Sometimes I would collect several hundred coins, one at a time, whenever I had a spare moment. I got so good at the game that I hardly had to think anymore, as if I was thinking that much to begin with. Playing Crossy Road requires almost no thought or engagement, but now I had reached even lower levels of humanity. I was a machine. I could get one hundred coins in mere minutes. I could play with both my left and right hands. I could play with my thumbs, my index fingers, and my middle fingers. I could play lying down, sitting, standing. I could play in landscape or portrait mode. With light, or in the dark. Nothing affected my performance. I was unstoppable. No longer did I consider the trucks and logs obstacles. They were just polygons. In fact, they were never true obstacles to begin with.
And then, during a brief ten minute break at work, I did it. I unlocked the last character. The order you unlock the characters in Crossy Road is completely random, but I think it is no coincidence that I unlocked the Skeleton last, because that is how I feel after playing this game for so long.
Now what came of all this, you ask? Proof. Maybe this proof is not applicable to everyone, but it is proof enough for me. I spent months of my life invested in this game. I did not have fun, I did not grow in intelligence, I did not learn something new about the world. I did not gain a skill, I did not play socially with friends or family, I did not accrue any profits, and I most certainly did not gain an enriching artistic or narrative experience of any kind.
This is because Crossy Road was not designed for any of these purposes. I do not want to be cynical and say that it was made only to make money since I do not personally know the creators. That being said, from a gameplay perspective, it is obvious that this game was designed to be “addicting”. It was made to cater to that primal instinct to pursue progress, success, and fulfillment, but what Crossy Road ultimately provides is anything but that. It only gives you the illusion of progress, the illusion of success, the illusion of fulfillment.
You “progress” through an endless sea of cars and logs. You “succeed” in unlocking new characters. You gain a sense of “fulfillment” by completing mind-numbing, time consuming, idle tasks over and over again. This is not like the days of Super Mario Bros., a game where actual effort was required to overcome the expressive level design. A game made to be fun, engaging, memorable, and valuable. In short….

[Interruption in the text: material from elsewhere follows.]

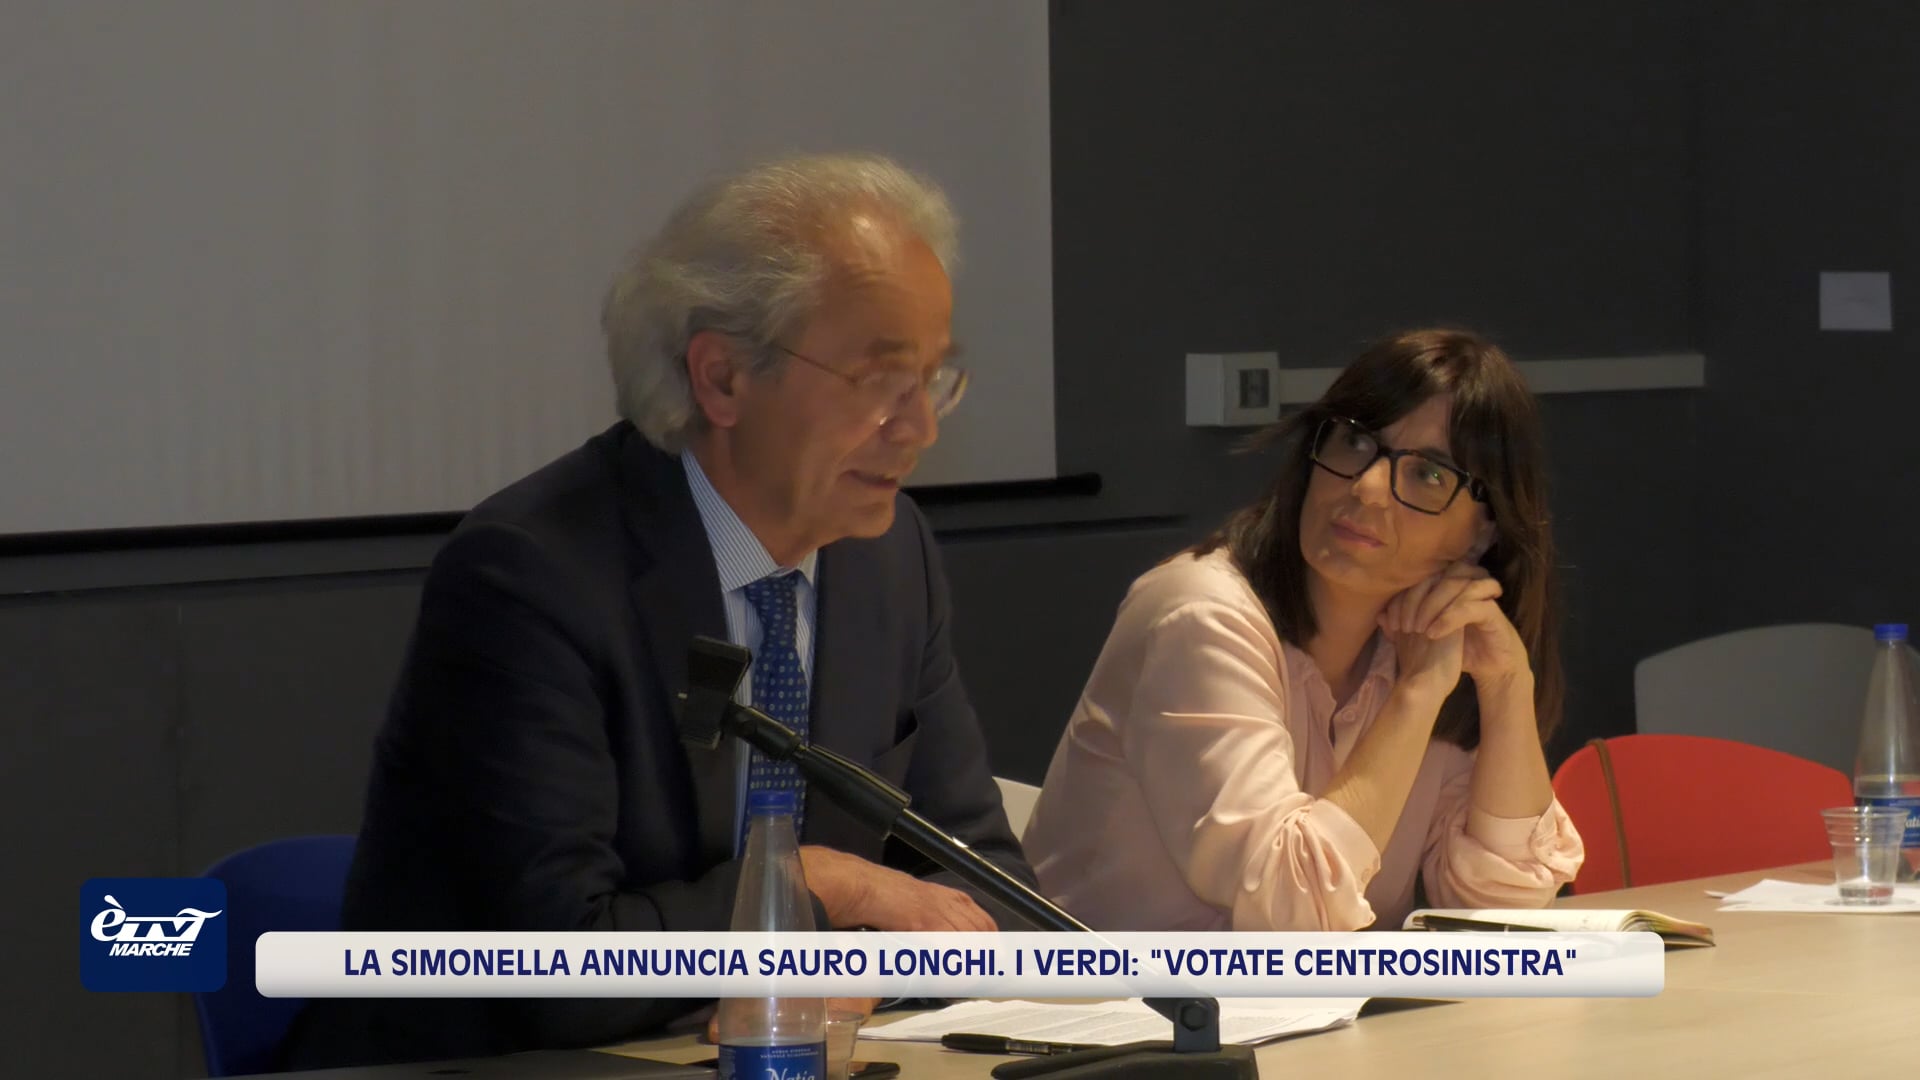 La Simonella annuncia Sauro Longhi. I Verdi:

Crossy Road is a complete waste of time.
So why did I play it, and have I actually discovered anything that we did not already know? Well, no, but that’s just it. Why does anyone play games like this? Or rather, should we play games like this?

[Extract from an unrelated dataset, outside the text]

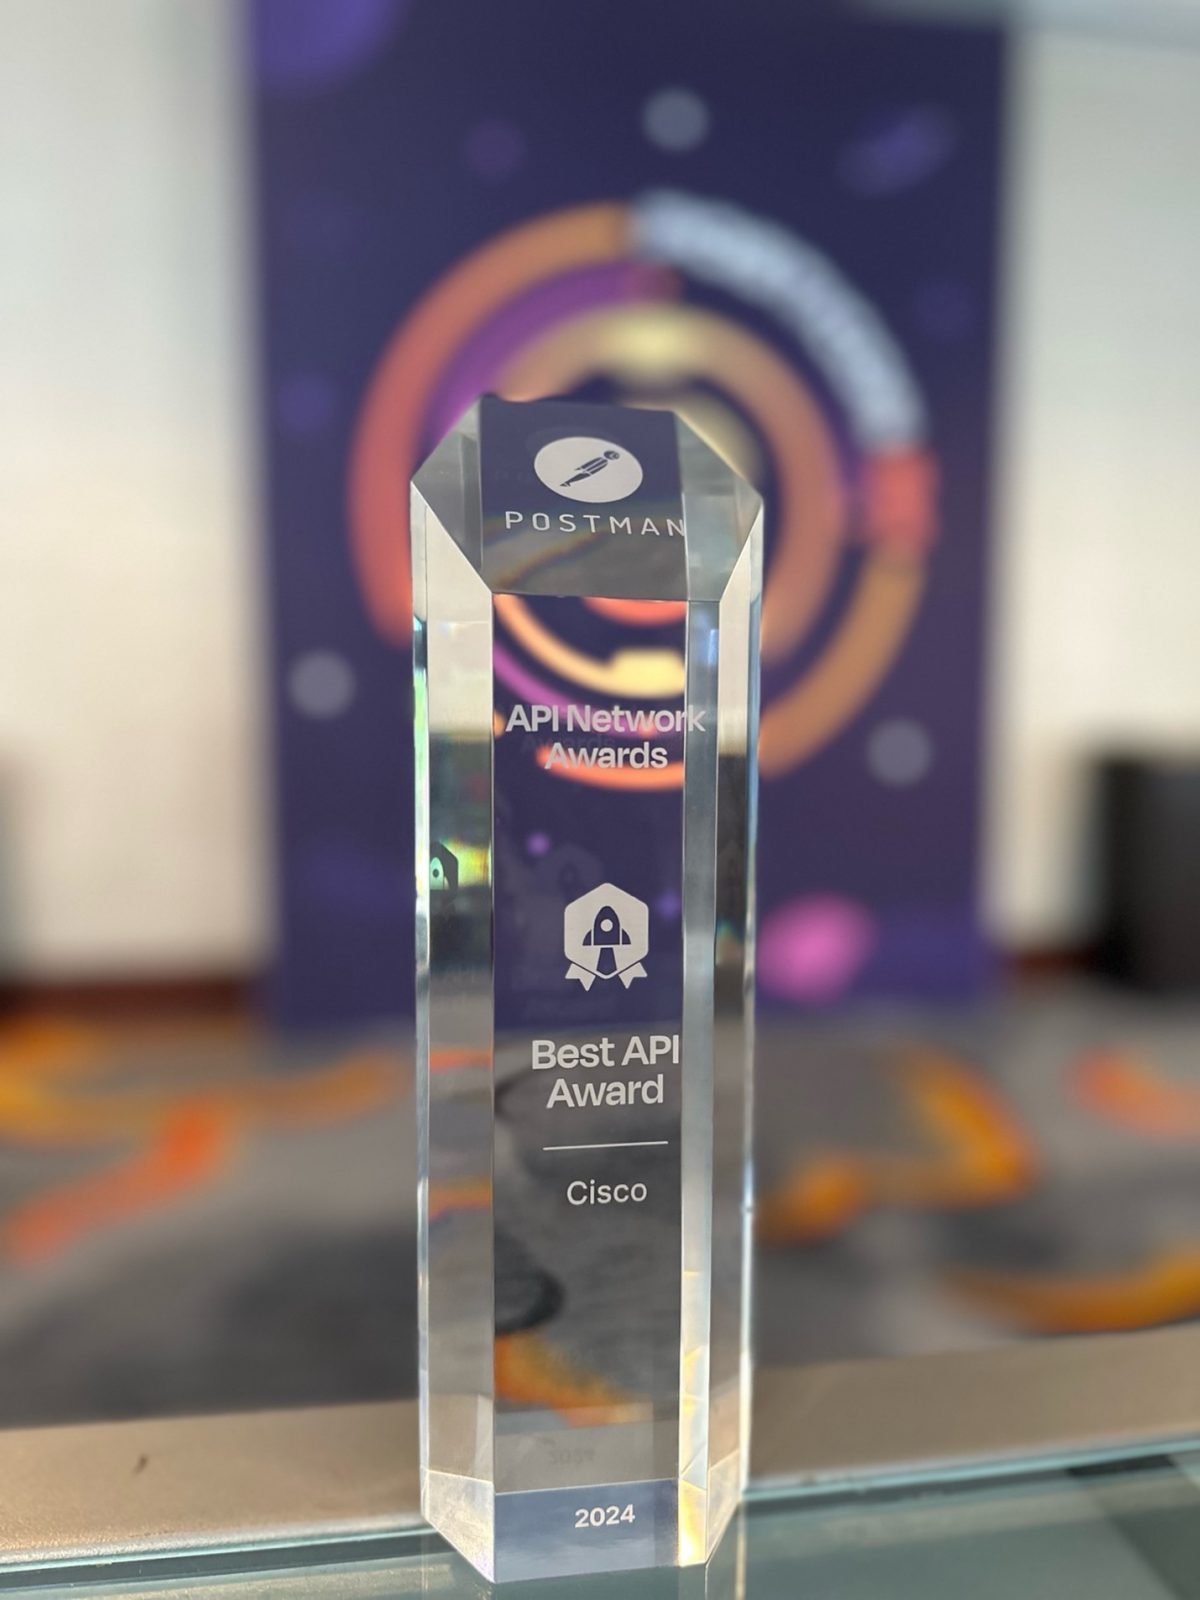 Cisco Meraki Secures the Postman “Best API Award”

The reason I completed Crossy Road was to prove, at least to myself and maybe to some others, too, that games like this are truly dangerous to society. They disguise themselves as simple, mindless entertainment, but they can barely even fulfill that basic role. In reality, they are a form of idleness.

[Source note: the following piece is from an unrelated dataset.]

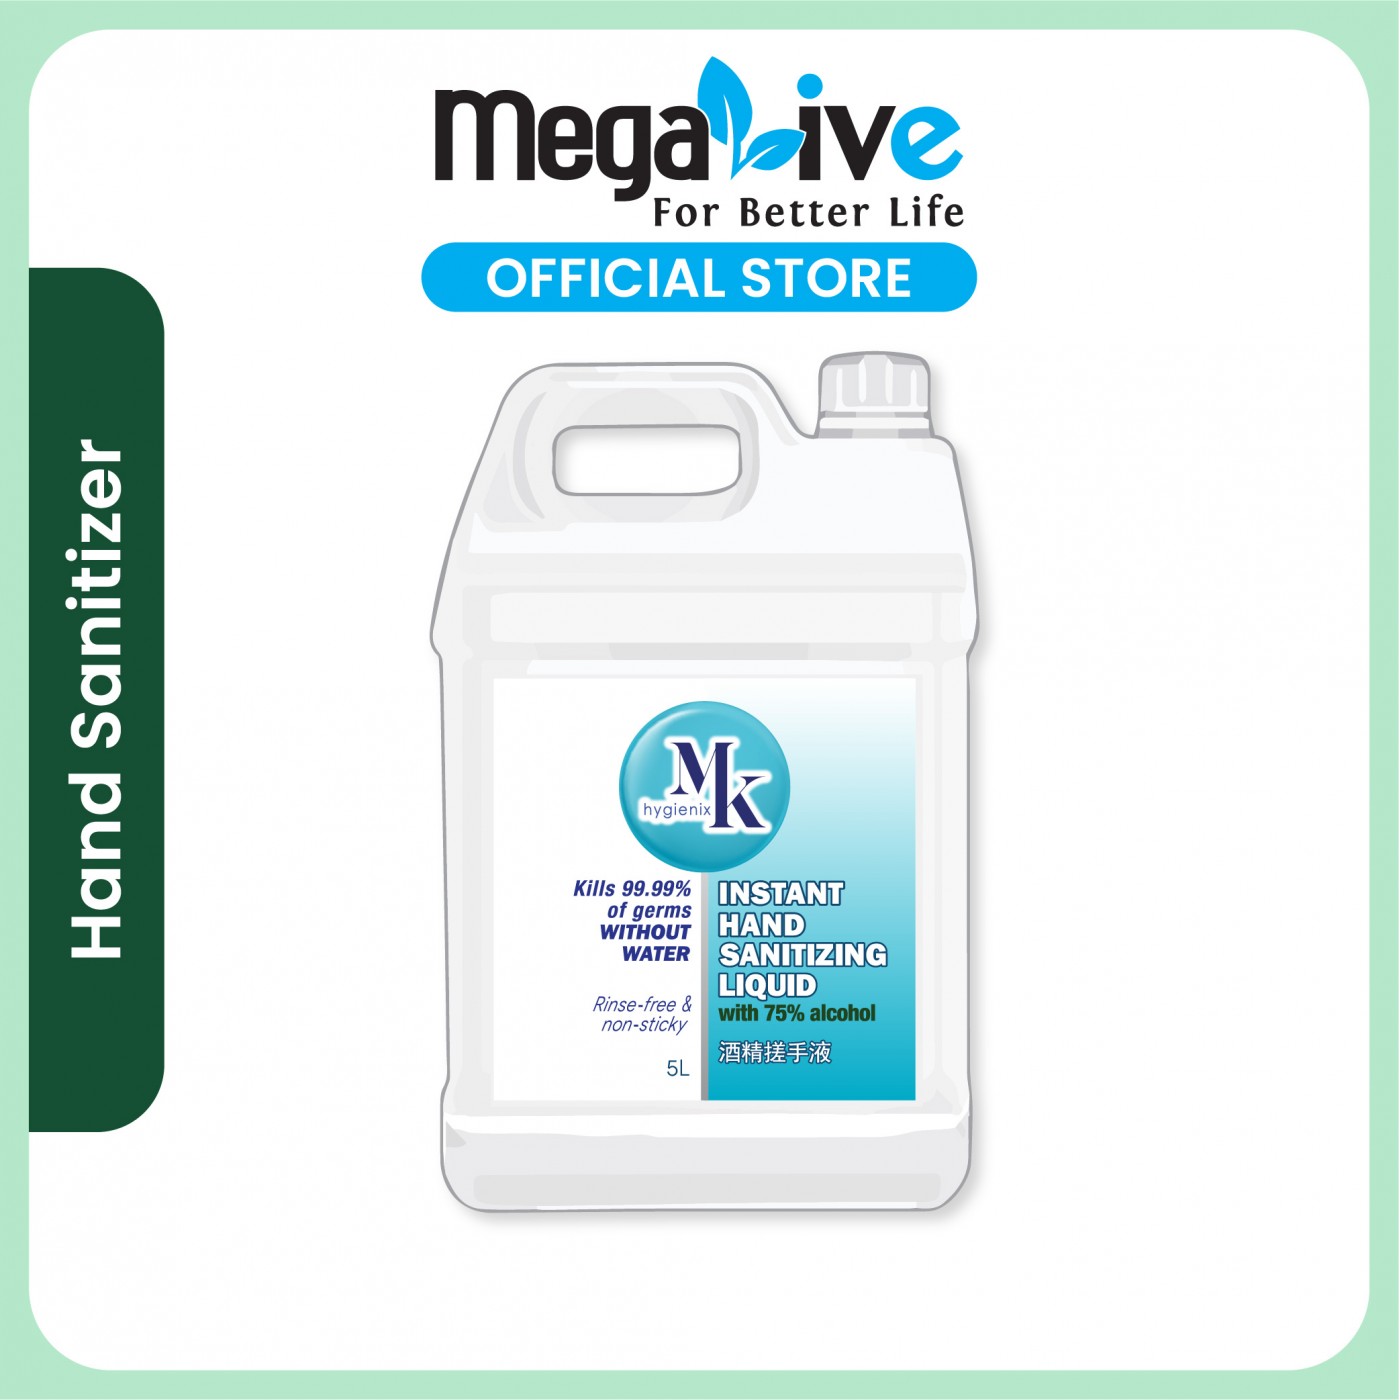 MK hygienix Instant Hand Sanitizer Liquid Spray 5L

If you are playing Crossy Road, you are essentially doing nothing.
But my life has value. I do not want to waste it doing nothing. Then again, I am still alive and well. My soul is not completely gone, even after having spent countless hours doing nothing on my phone, tapping on a chicken. However, the time I wasted tapping on that chicken is something that I will never get back.
I would like people to think of this post not as a pretentious warning, but instead as a light push. I want to push people to put down their phones, stop tapping on chickens, and do something else. Almost anything would suffice. At least then you would not be doing nothing at all.